Oliver Kristin, Frawley Alean, Garland Elizabeth
a Department of Preventive Medicine , Icahn School of Medicine at Mount Sinai , New York , NY , USA.
Hum Vaccin Immunother. 2016 Jun 2;12(6):1589-93. doi: 10.1080/21645515.2016.1139253. Epub 2016 Feb 18.
To review the literature on interventions to increase HPV vaccinations and assess whether The Community Preventive Services Task Force recommendations are supported by current evidence.
We used a PubMed search to identify studies that assessed interventions that looked at provider assessment and feedback, provider reminders, client reminder and recall, and clinic based education programs.
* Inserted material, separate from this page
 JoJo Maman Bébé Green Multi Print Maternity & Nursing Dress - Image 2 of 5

Of the 13 studies identified, 8 included client reminder and recall interventions, 4 included provider assessment and feedback and/or provider reminders and 2 included clinic based education. 11 of the 13 studies demonstrated a positive effect on HPV vaccine initiation or completion. Provider assessment and feedback studies were more likely to report a positive effect on HPV vaccine initiation than on series completion, while client reminder recall interventions more frequently produced an effect on series completion than on initiation.
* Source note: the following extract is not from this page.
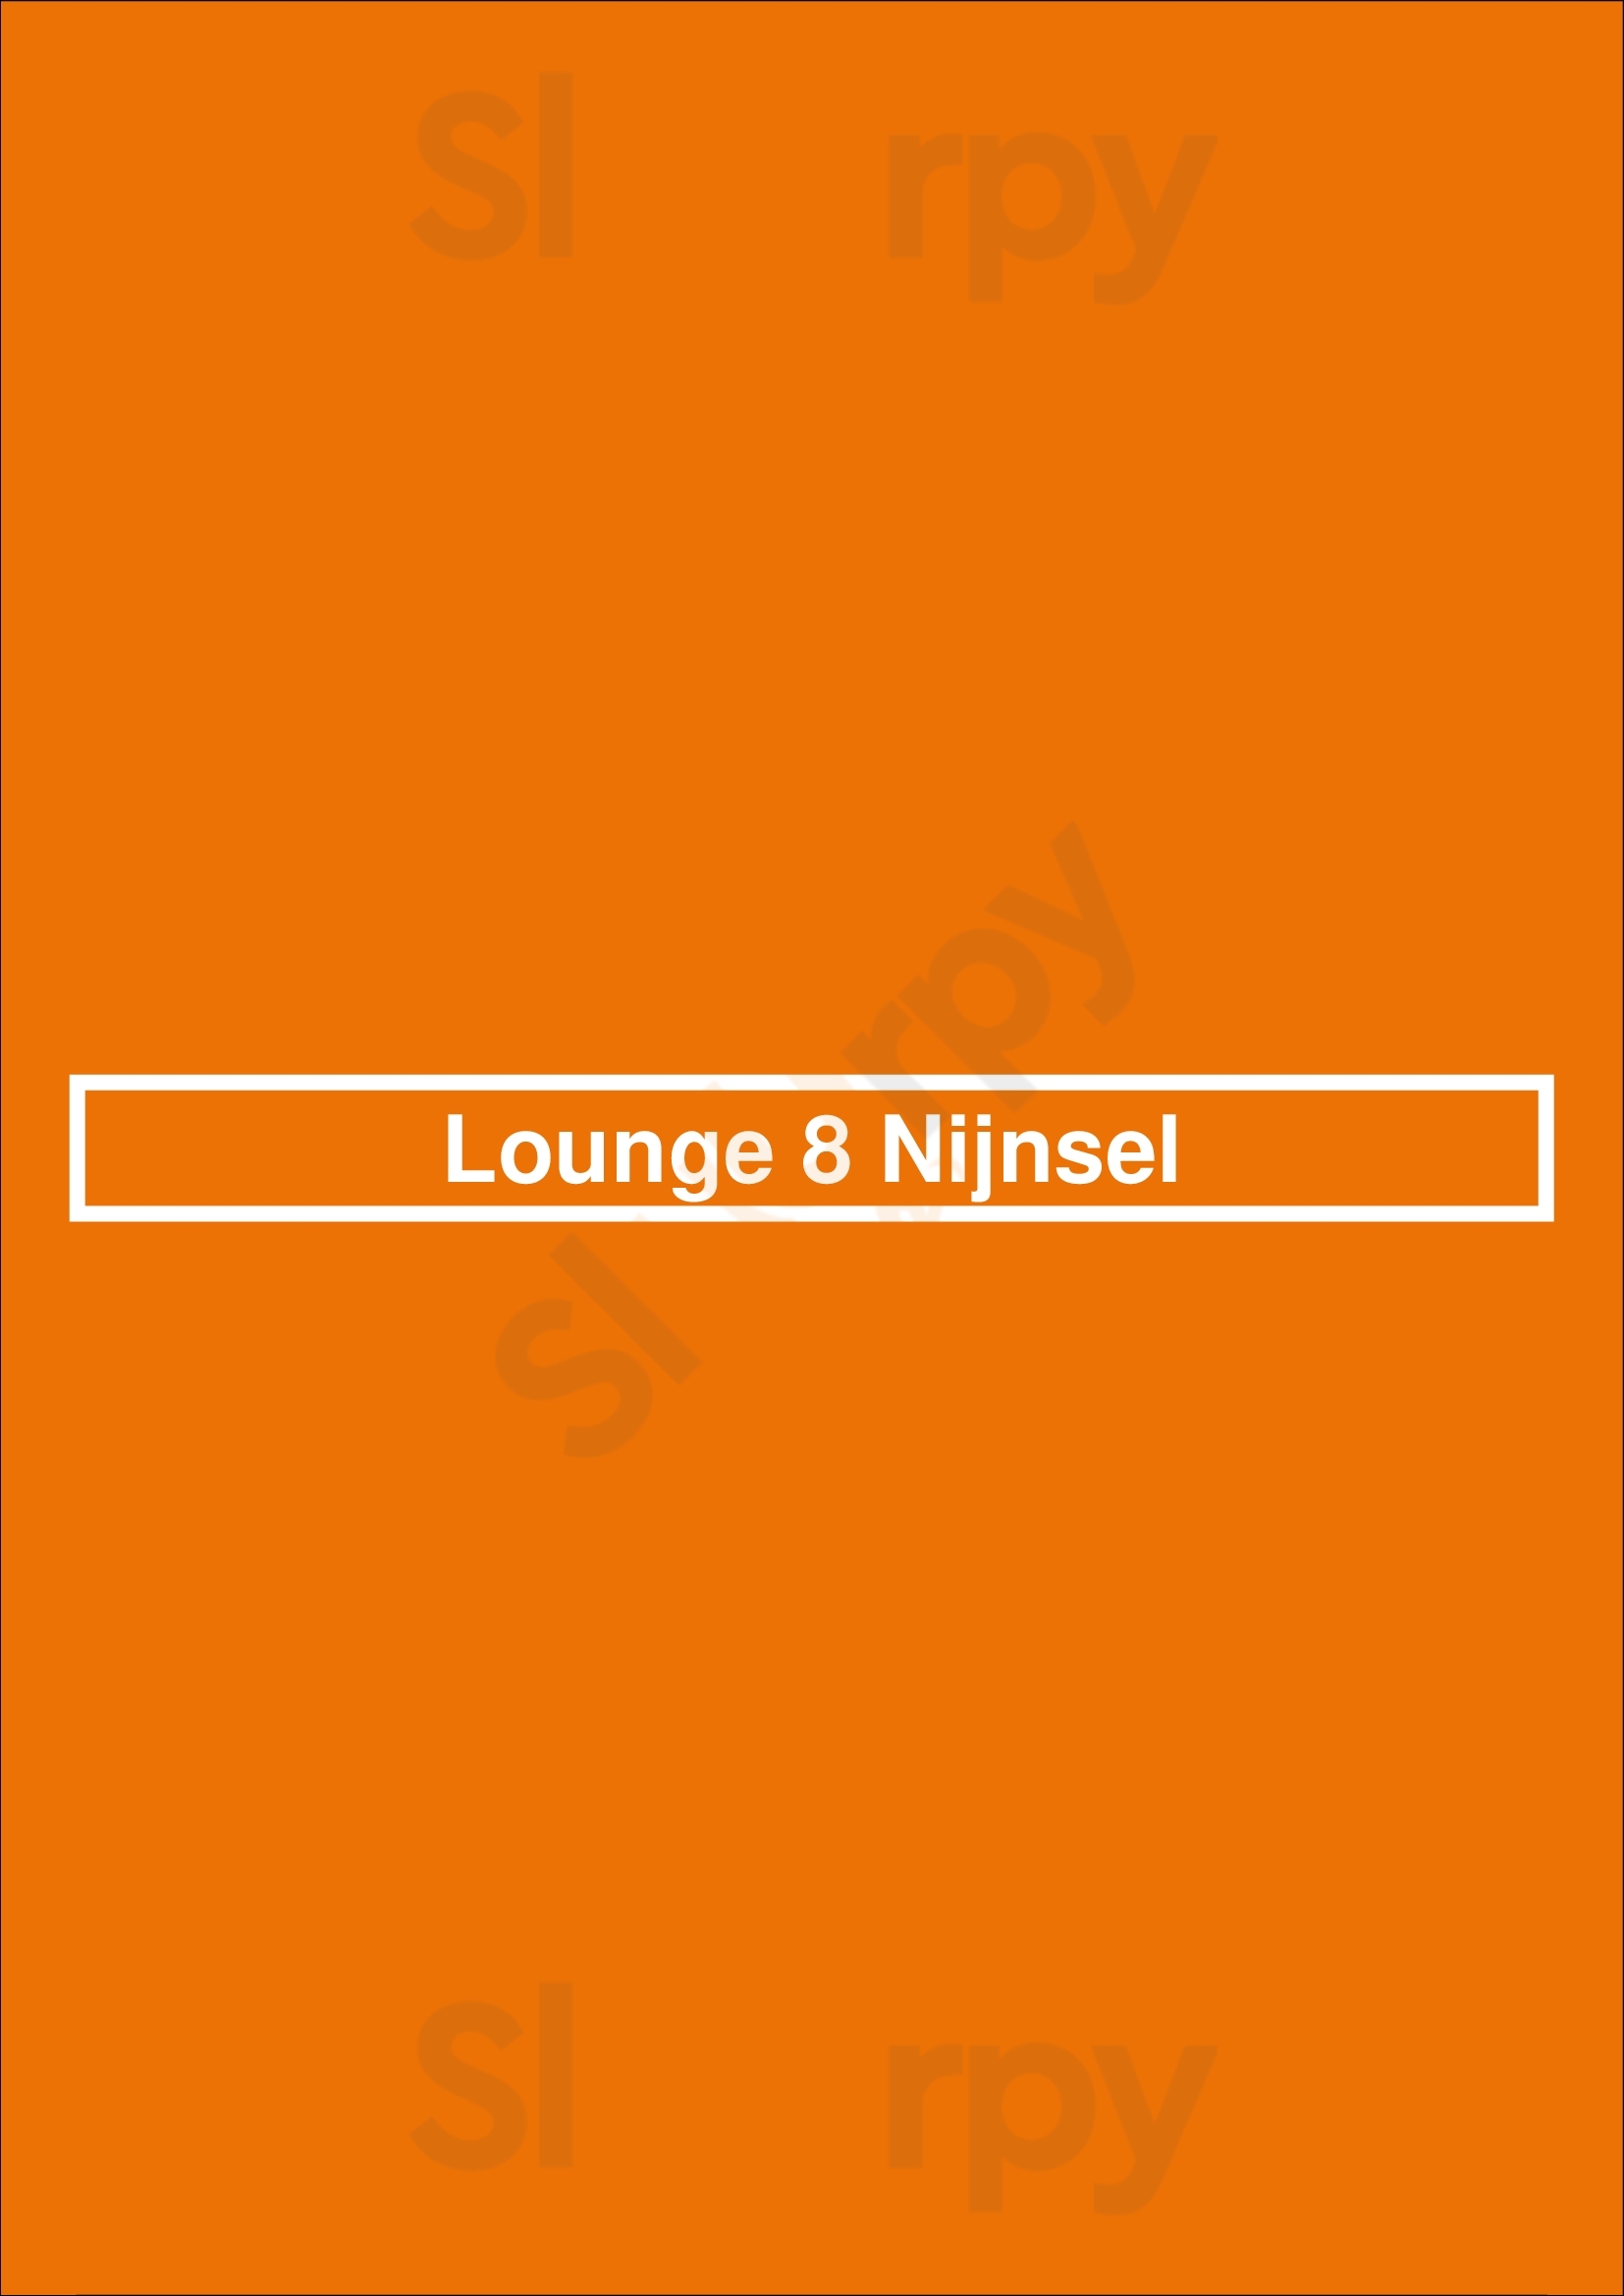 Lounge 8 Nijnsel Sint-Oedenrode Menu - 1

There is evidence to support the application of the Community Preventive Services Task Force recommendations specifically to HPV vaccination both for client reminder and recall programs and for provider assessment and feedback interventions. Multiple targeted approaches will be needed to substantially impact HPV vaccine rates.
回顾关于增加人乳头瘤病毒(HPV)疫苗接种干预措施的文献,并评估社区预防服务特别工作组的建议是否得到当前证据的支持。
我们通过PubMed检索,以识别评估了以下干预措施的研究:提供者评估与反馈、提供者提醒、客户提醒与召回,以及基于诊所的教育项目。
在识别出的13项研究中,8项包括客户提醒与召回干预措施,4项包括提供者评估与反馈和/或提供者提醒,2项包括基于诊所的教育。13项研究中的11项显示对HPV疫苗接种的开始或完成有积极影响。提供者评估与反馈研究更有可能报告对HPV疫苗接种开始有积极影响,而不是对系列接种完成有积极影响,而客户提醒召回干预措施对系列接种完成的影响比对开始的影响更频繁。
有证据支持社区预防服务特别工作组的建议具体应用于HPV疫苗接种,无论是客户提醒与召回项目还是提供者评估与反馈干预措施。需要多种有针对性的方法来大幅提高HPV疫苗接种率。